This study complies with the Declaration of Helsinki and was approved by the Institutional Review Board of Jiangnan University. Participants will receive gifts after the experiment as a token of appreciation. Two coordinators oversaw the entire process, ensuring smooth execution and assisting with VR equipment setup and other needs.

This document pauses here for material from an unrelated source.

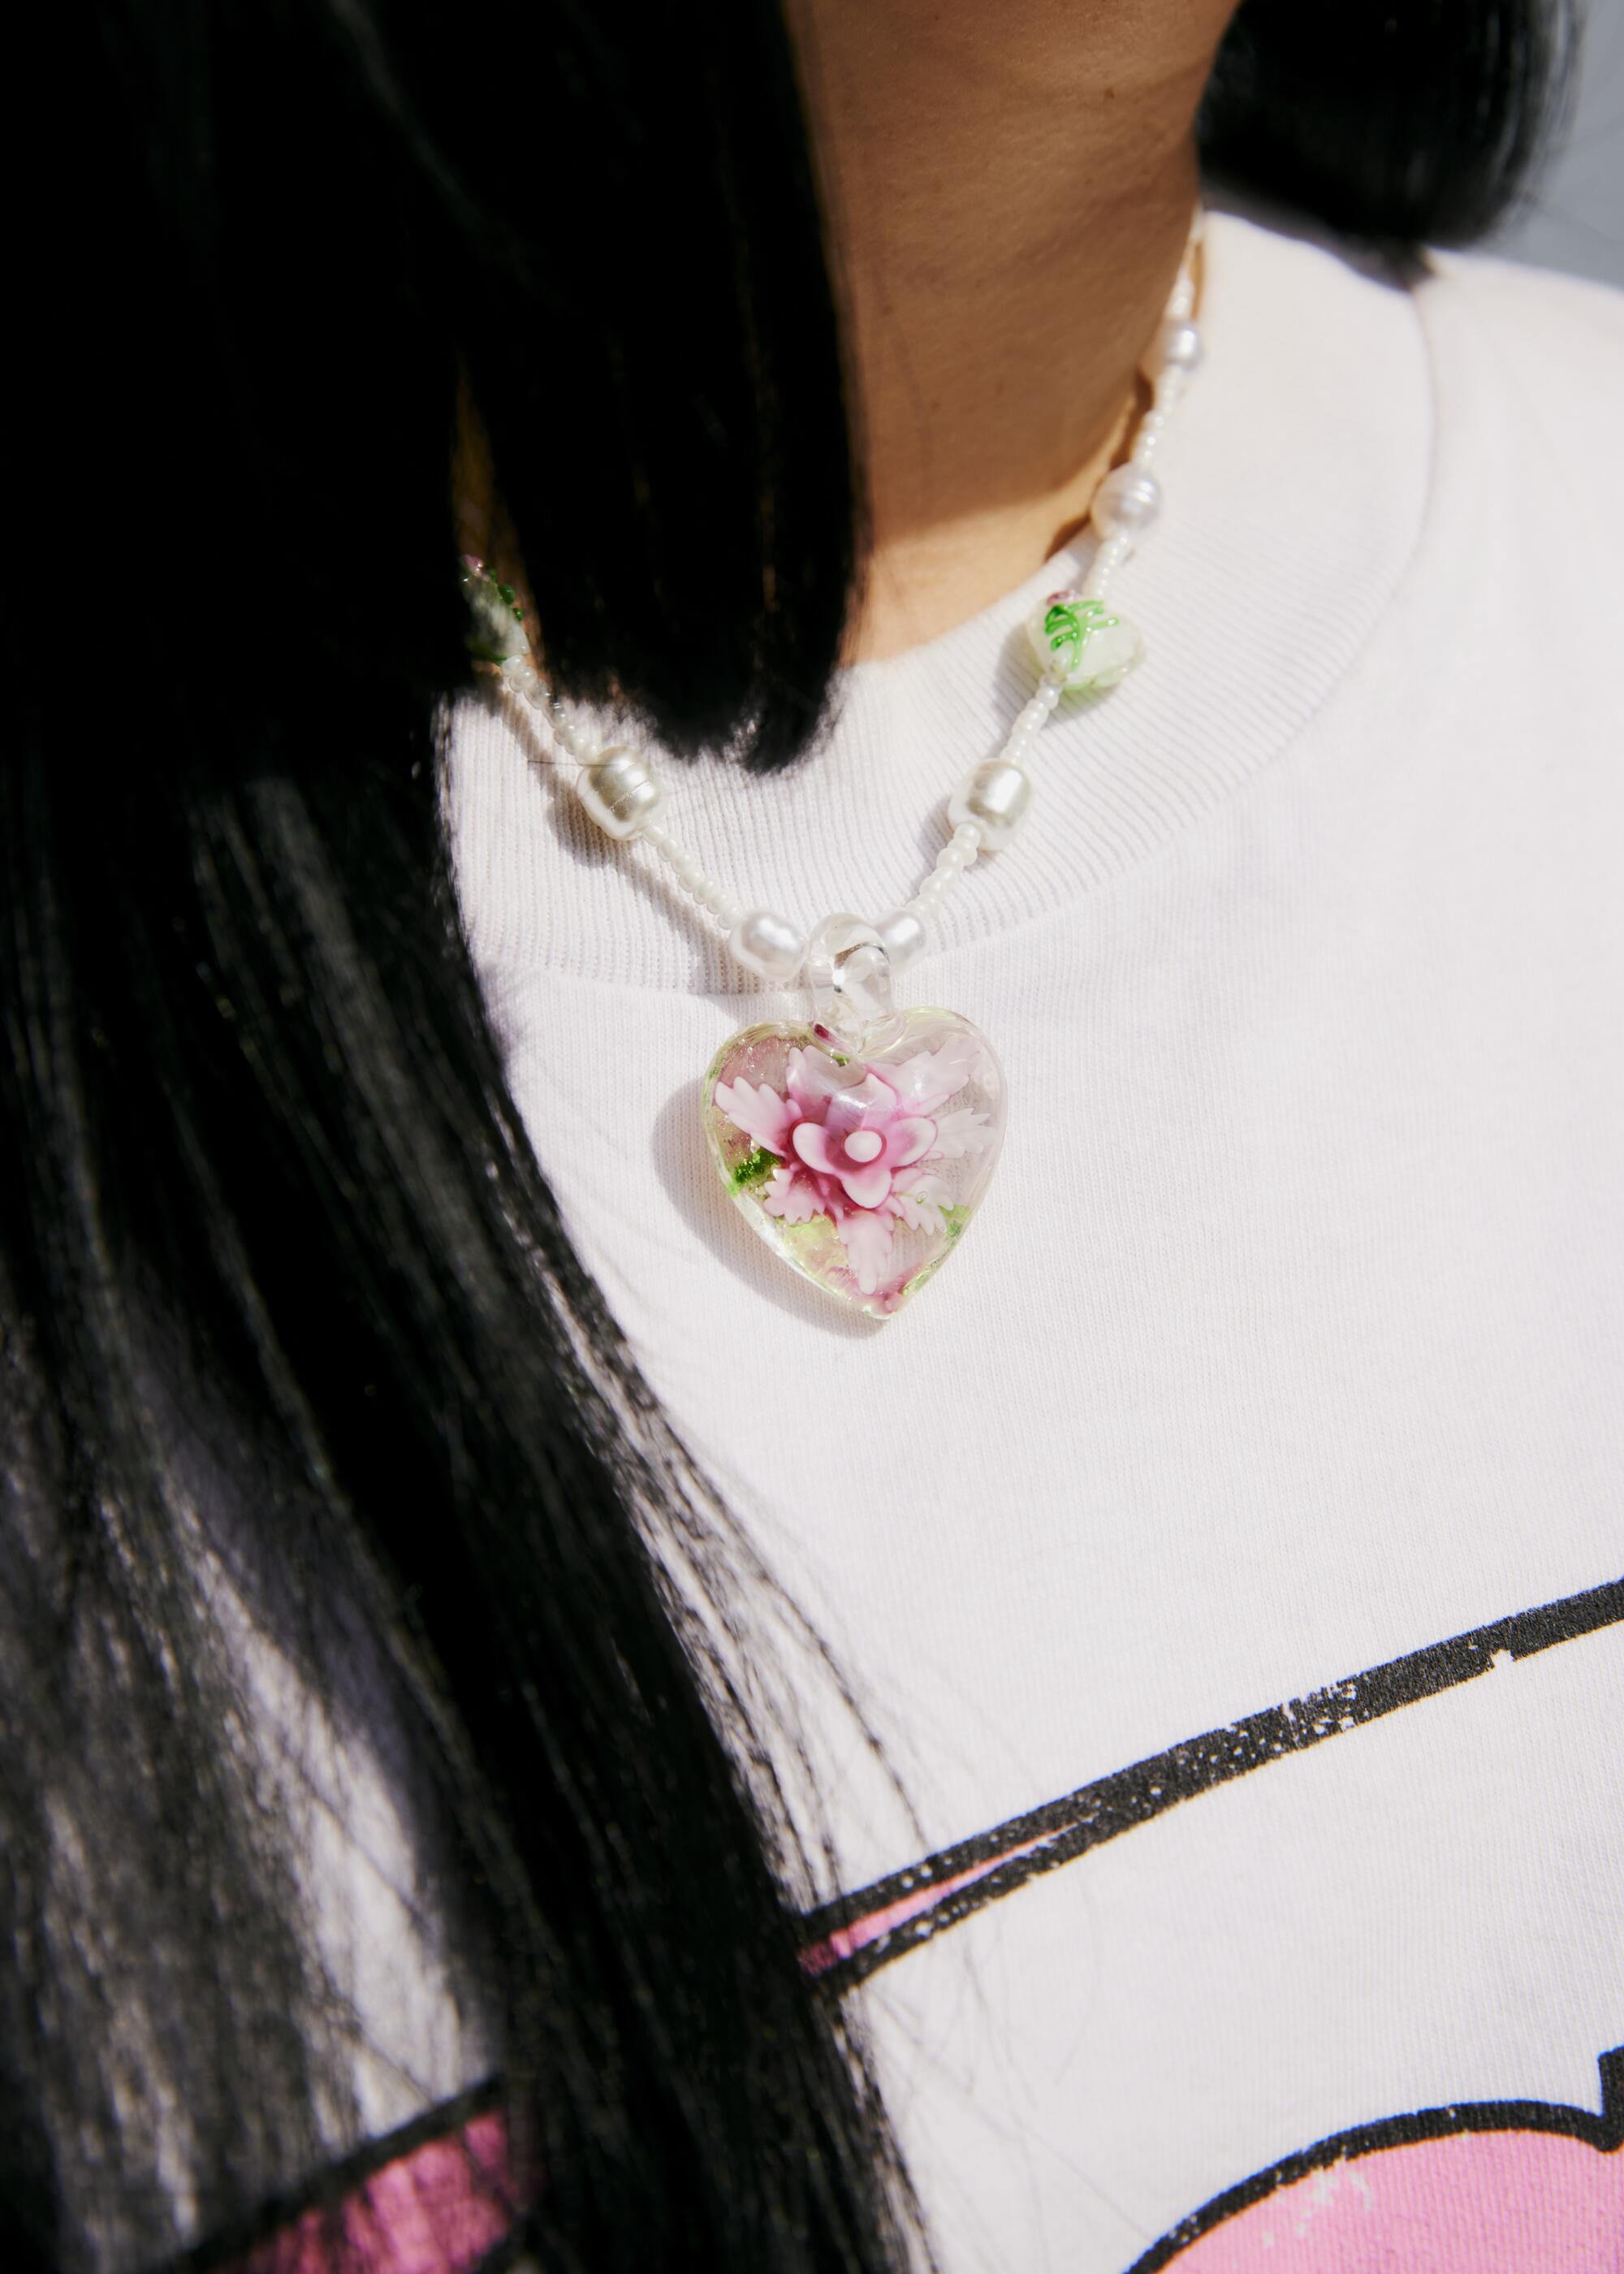 Détail d'un collier en forme de coeur sur un pull blanc.

3.4. Experimental Equipment

This study used Tobii Pro Lab and HTC Vive Pro Eye VR to collect and analyze eye movement data. Tobii Pro Lab supports complex experimental designs and real-time, high-precision data collection and is fully compatible with VR stimuli. The HTC Vive Pro Eye, equipped with Tobii’s eye-tracking, features 3.5-inch dual AMOLED screens (2880 × 1600 resolution), 120 Hz output, 0.5–1.1° accuracy, and a 110° tracking field. Before the experiment began, each participant underwent eye tracking calibration using the nine-point calibration program built into the HTC Vive Pro Eye to ensure that the tracking accuracy was within the manufacturer’s claimed error range of 0.5–1.1°. All experimental procedures, data processing, and analyses were conducted using a Seven Rainbow X17 Pro Max laptop (Colorful Technology Co., Ltd., Shenzhen, China), equipped with an Intel Core i9-13900HX (Intel Corporation, Santa Clara, CA, USA) processor and an NVIDIA GeForce RTX 4080 (NVIDIA Corporation, Santa Clara, CA, USA) graphics card, ensuring high-performance computing and efficient handling of experimental data.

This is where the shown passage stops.